**WHAT YOU NEED TO DO:**
Transcribe the data exactly, omitting whatever pictures it holds.

┌─ RECORDED INFORMATION

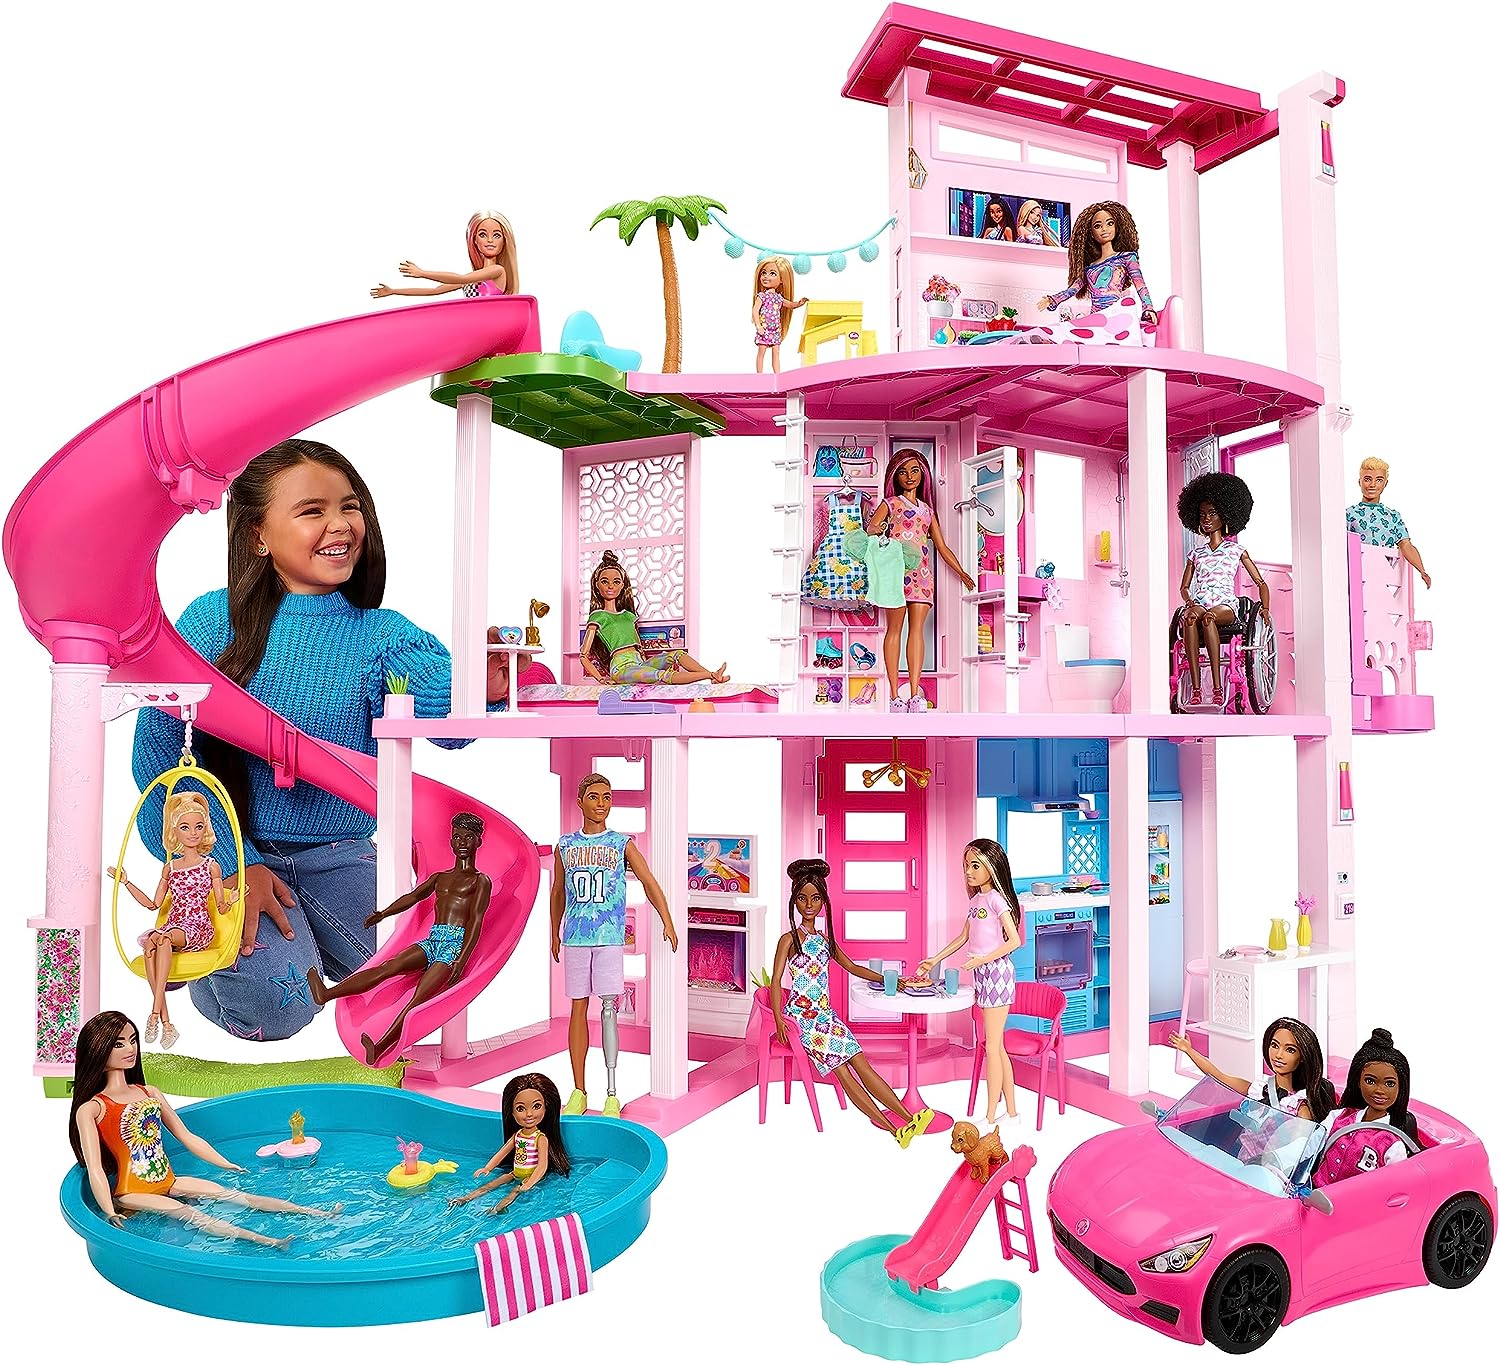 Maison de Barbie entièrement meublée - Com'UnCoeur Dakar
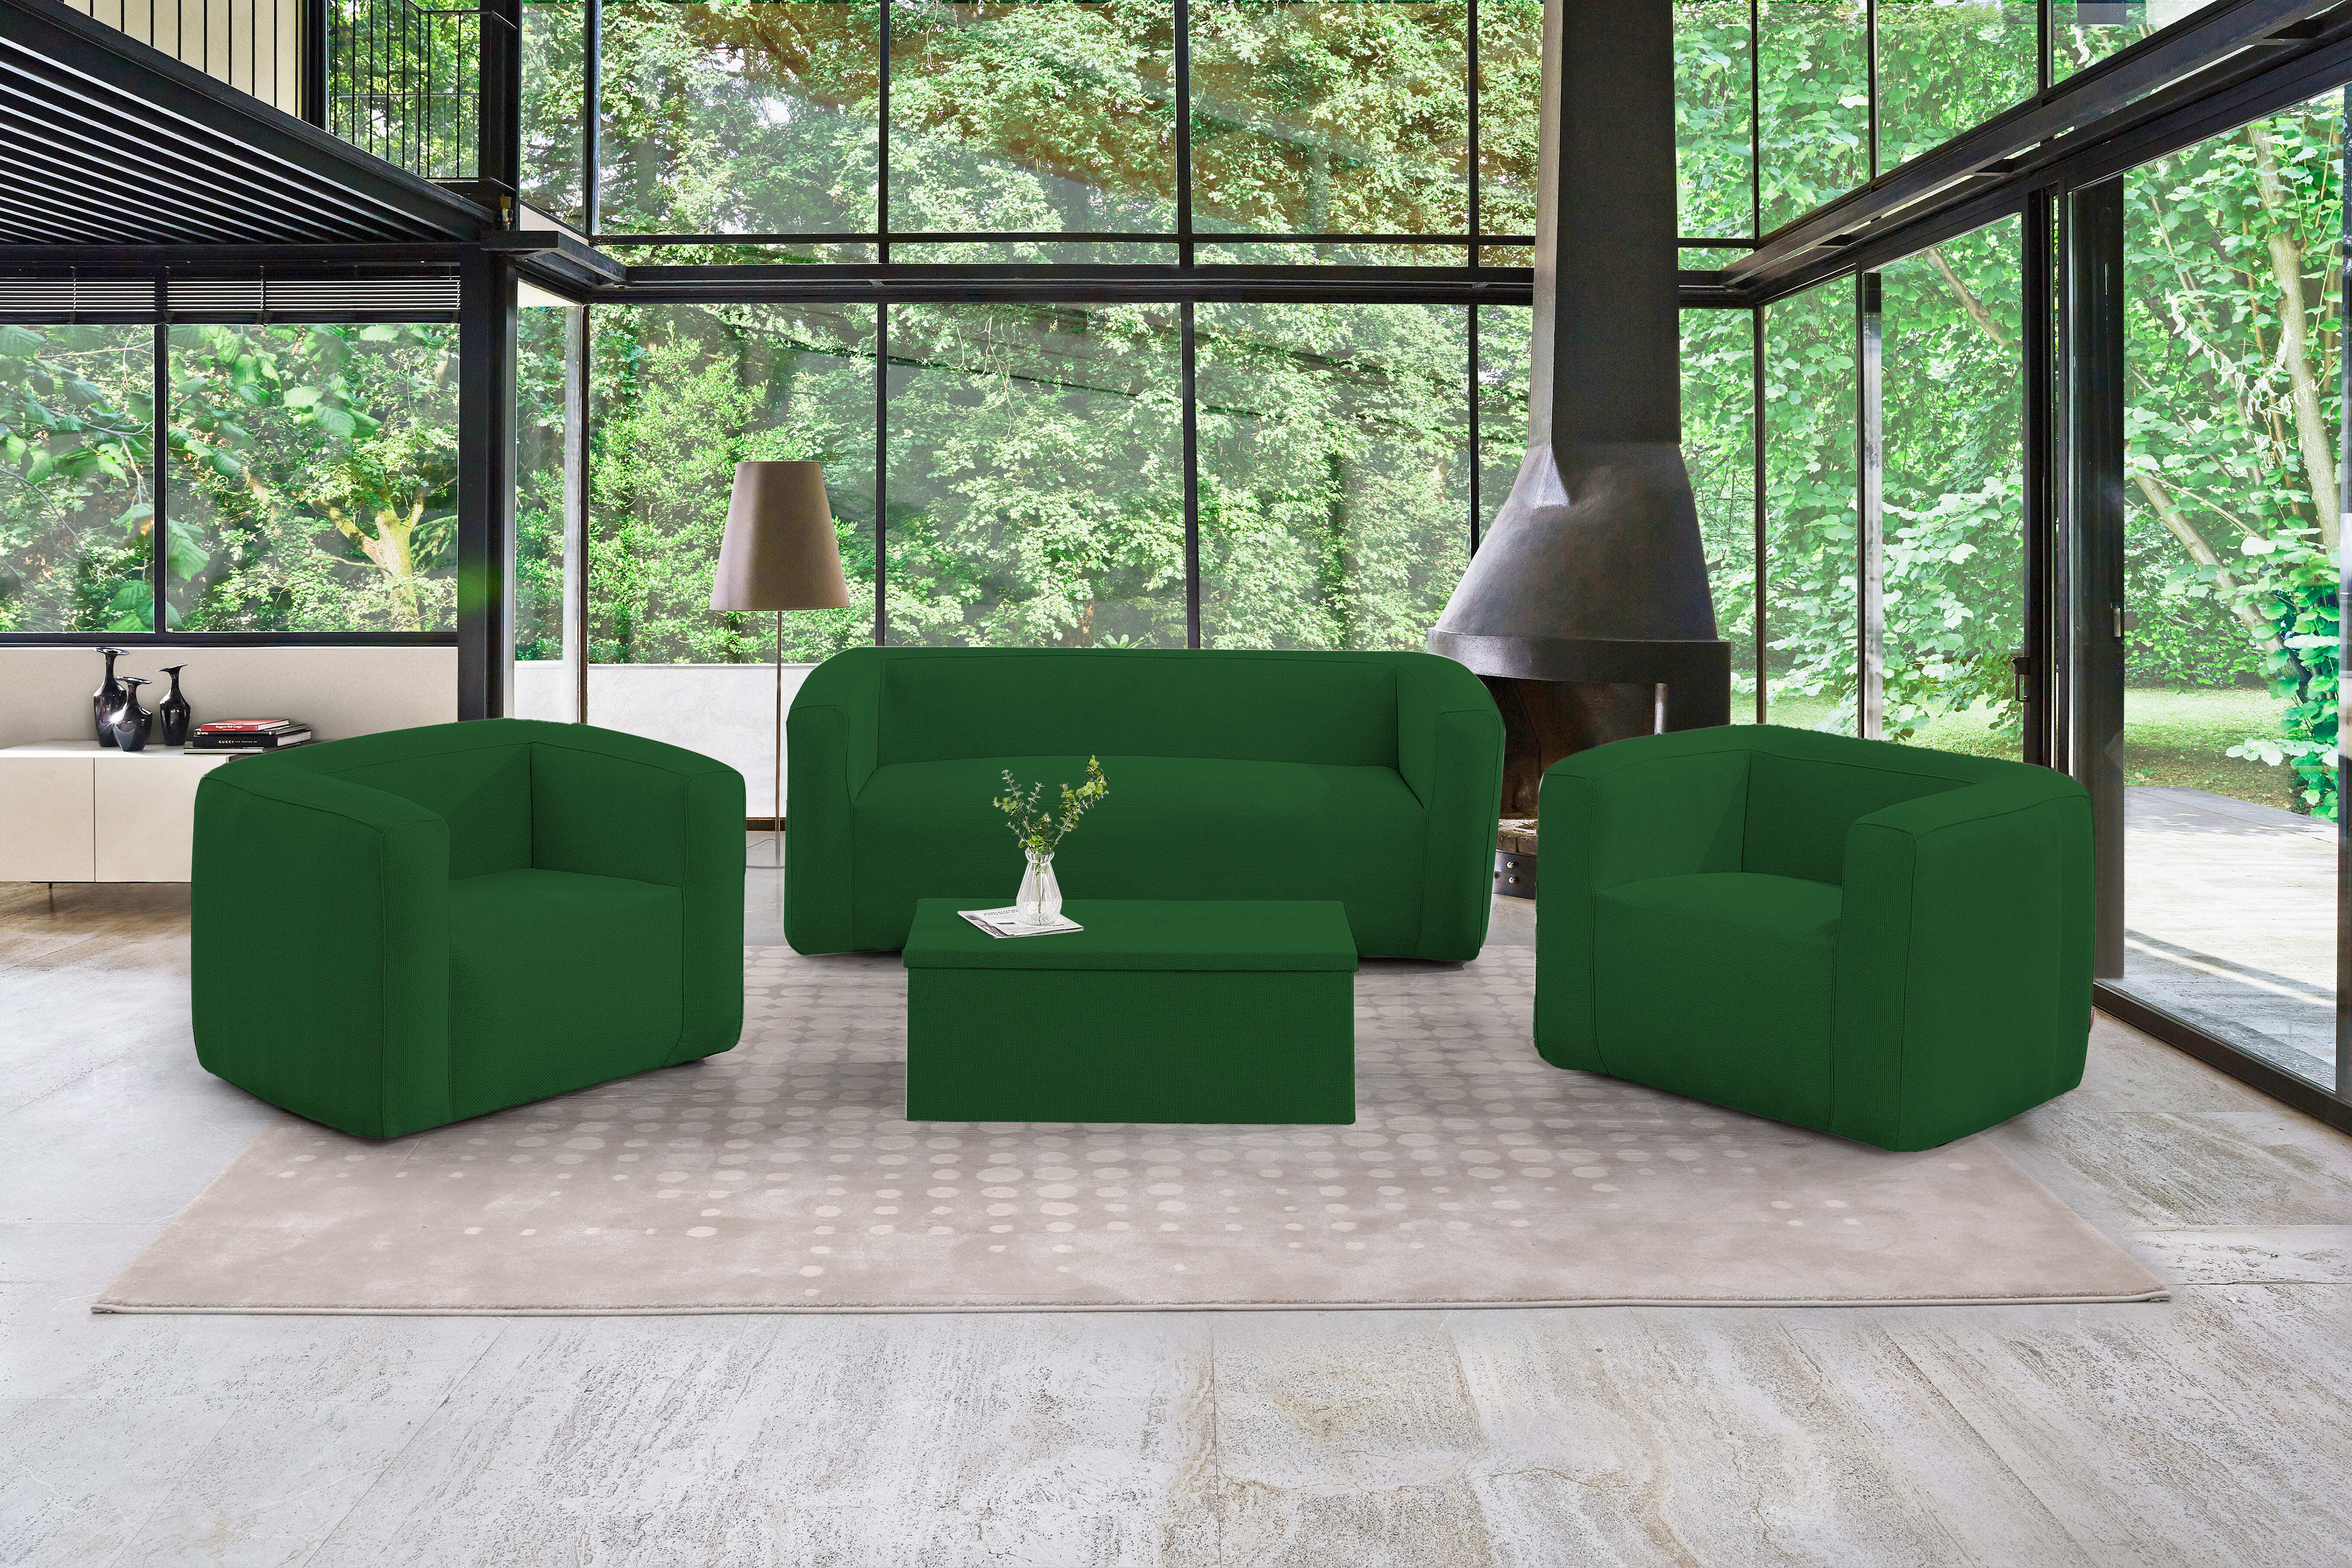 Set de salon gonflable complet Terracotta - Intérieur et extérieur - Couleur Vert
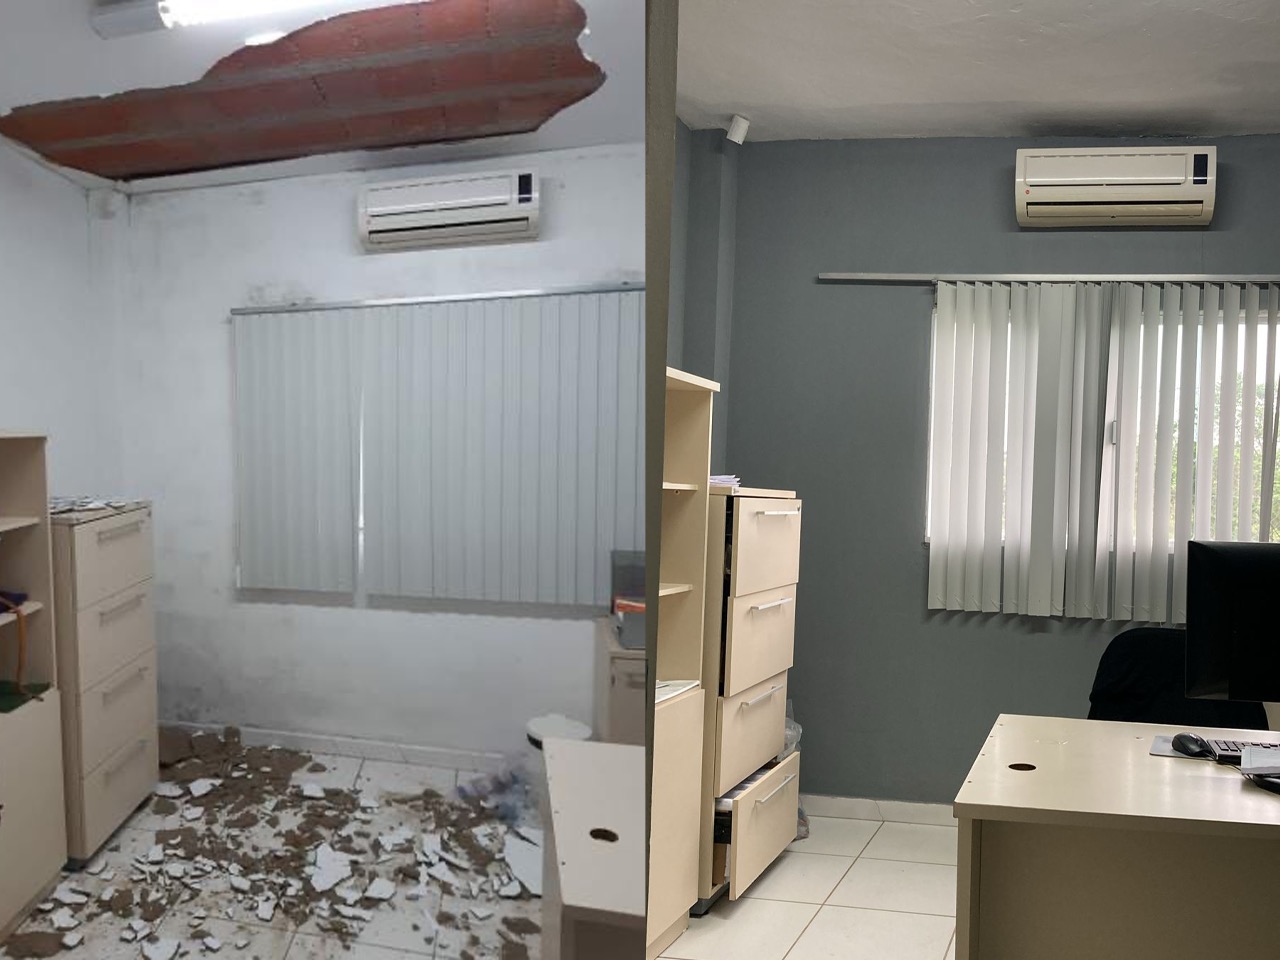 Comunicado: fotos com danos no teto da UBS Planalto são antigas

└─

**SOLUTION FOR THIS EXERCISE:**
 Maison de Barbie entièrement meublée - Com'UnCoeur Dakar
 Set de salon gonflable complet Terracotta - Intérieur et extérieur - Couleur Vert
 Comunicado: fotos com danos no teto da UBS Planalto são antigas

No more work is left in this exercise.